What the task requires:
Please copy every line from the following entries in which the word "Stock" appears.

Given information:
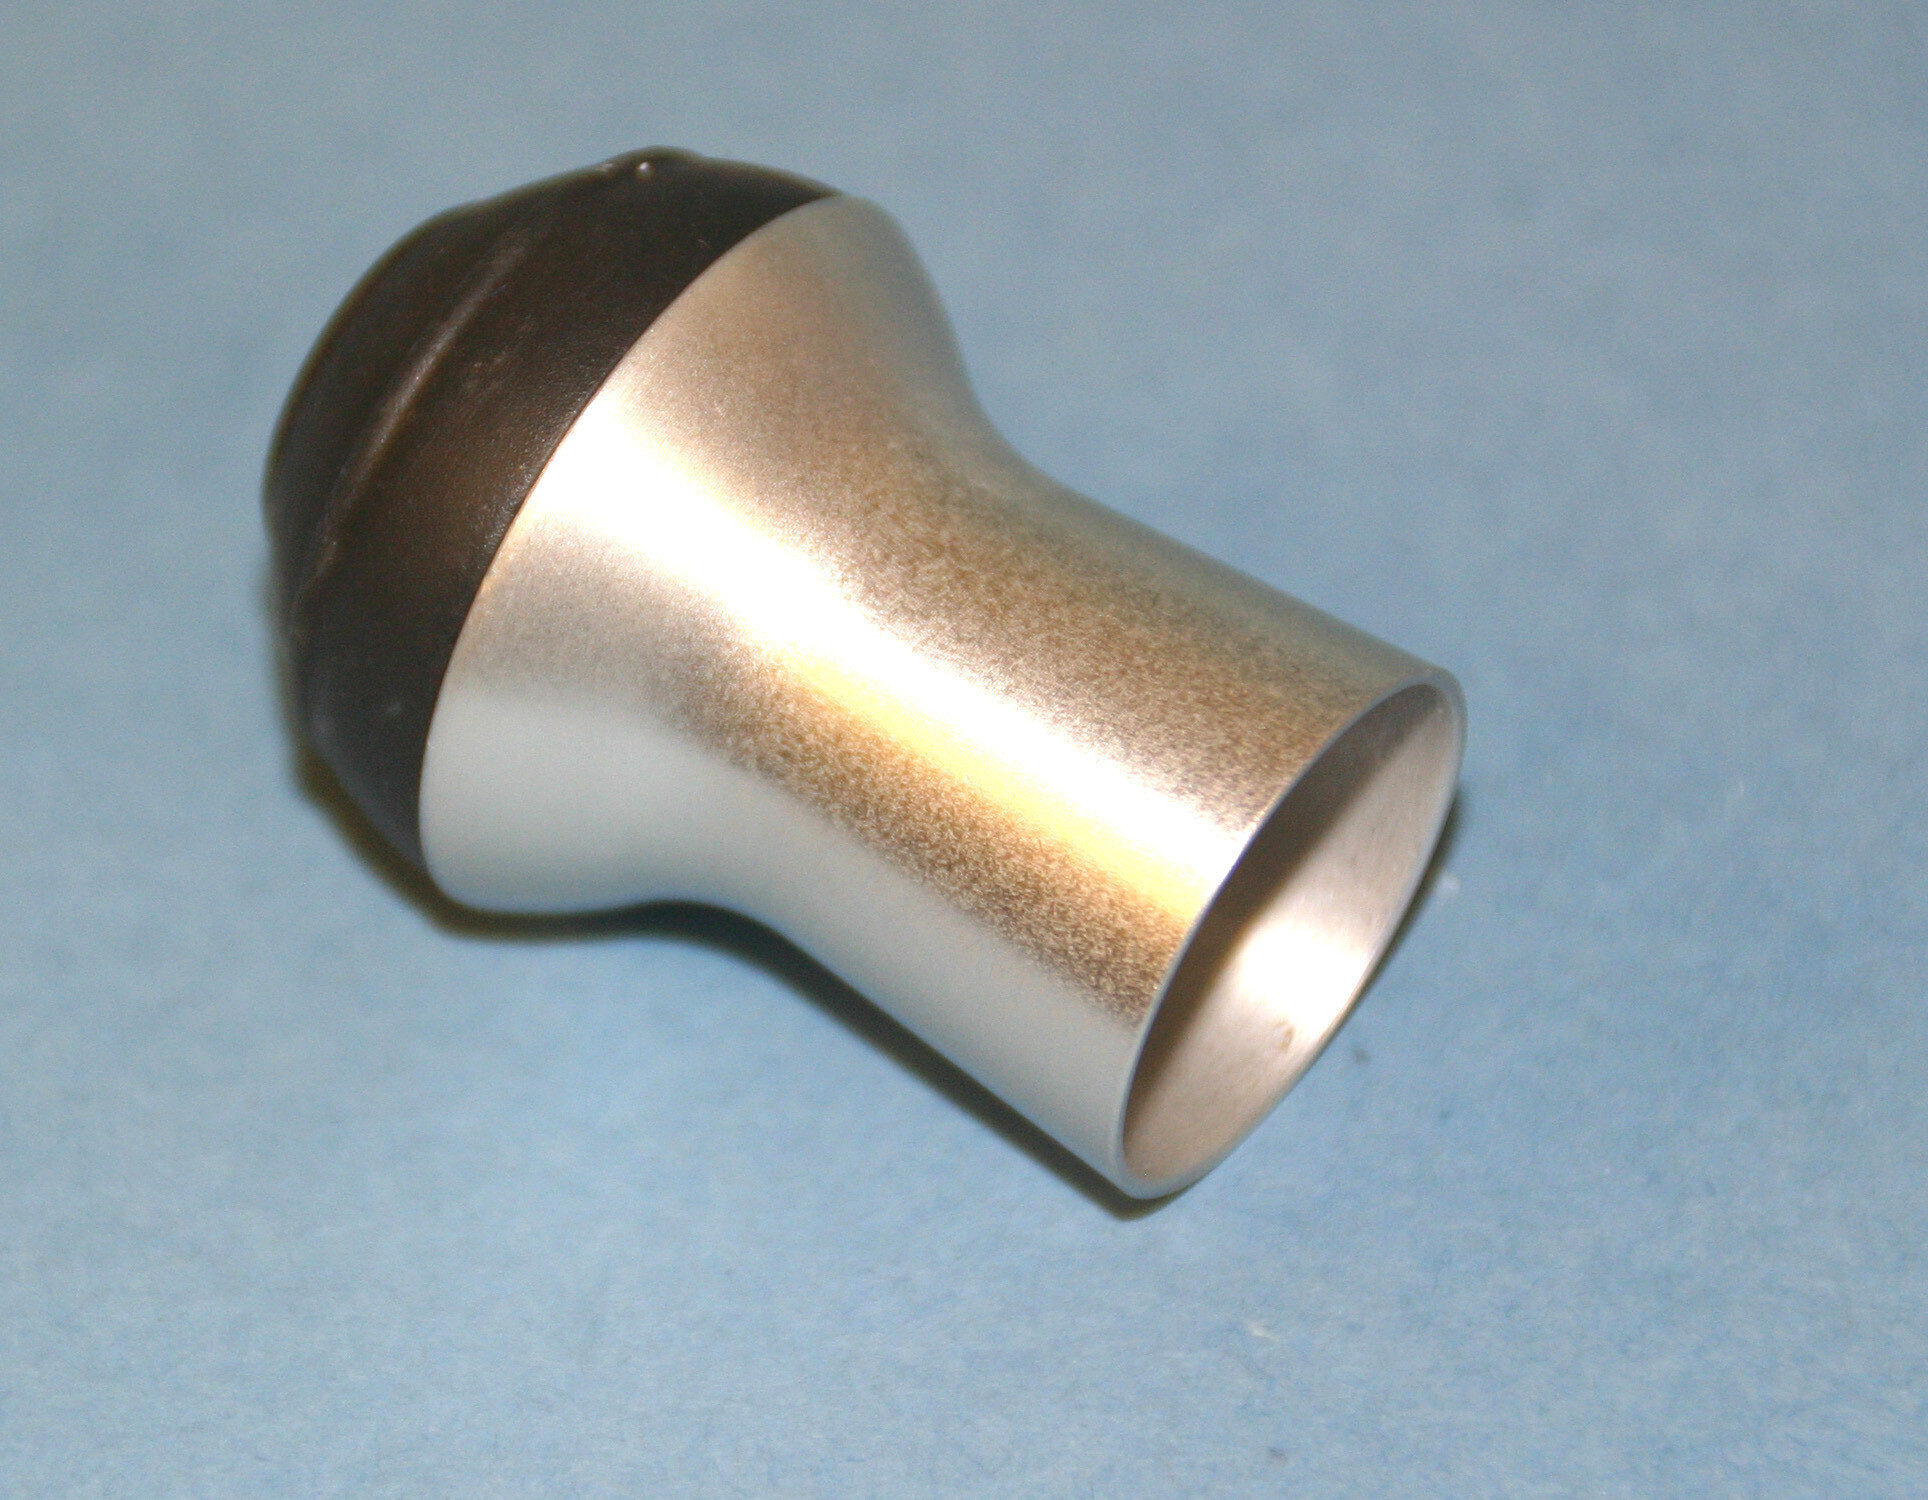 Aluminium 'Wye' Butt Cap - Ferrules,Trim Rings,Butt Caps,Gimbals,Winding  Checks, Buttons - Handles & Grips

...

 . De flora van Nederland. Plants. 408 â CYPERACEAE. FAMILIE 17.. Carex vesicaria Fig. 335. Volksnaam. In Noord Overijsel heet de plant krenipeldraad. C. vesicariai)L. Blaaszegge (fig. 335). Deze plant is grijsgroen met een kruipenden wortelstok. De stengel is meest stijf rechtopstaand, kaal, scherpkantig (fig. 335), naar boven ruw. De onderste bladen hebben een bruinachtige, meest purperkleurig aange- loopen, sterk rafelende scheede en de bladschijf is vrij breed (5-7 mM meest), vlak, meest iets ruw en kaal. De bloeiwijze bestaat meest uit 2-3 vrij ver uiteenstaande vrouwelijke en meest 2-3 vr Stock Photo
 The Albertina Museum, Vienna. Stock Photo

Answer for the task:
 . De flora van Nederland. Plants. 408 â CYPERACEAE. FAMILIE 17.. Carex vesicaria Fig. 335. Volksnaam. In Noord Overijsel heet de plant krenipeldraad. C. vesicariai)L. Blaaszegge (fig. 335). Deze plant is grijsgroen met een kruipenden wortelstok. De stengel is meest stijf rechtopstaand, kaal, scherpkantig (fig. 335), naar boven ruw. De onderste bladen hebben een bruinachtige, meest purperkleurig aange- loopen, sterk rafelende scheede en de bladschijf is vrij breed (5-7 mM meest), vlak, meest iets ruw en kaal. De bloeiwijze bestaat meest uit 2-3 vrij ver uiteenstaande vrouwelijke en meest 2-3 vr Stock Photo
 The Albertina Museum, Vienna. Stock Photo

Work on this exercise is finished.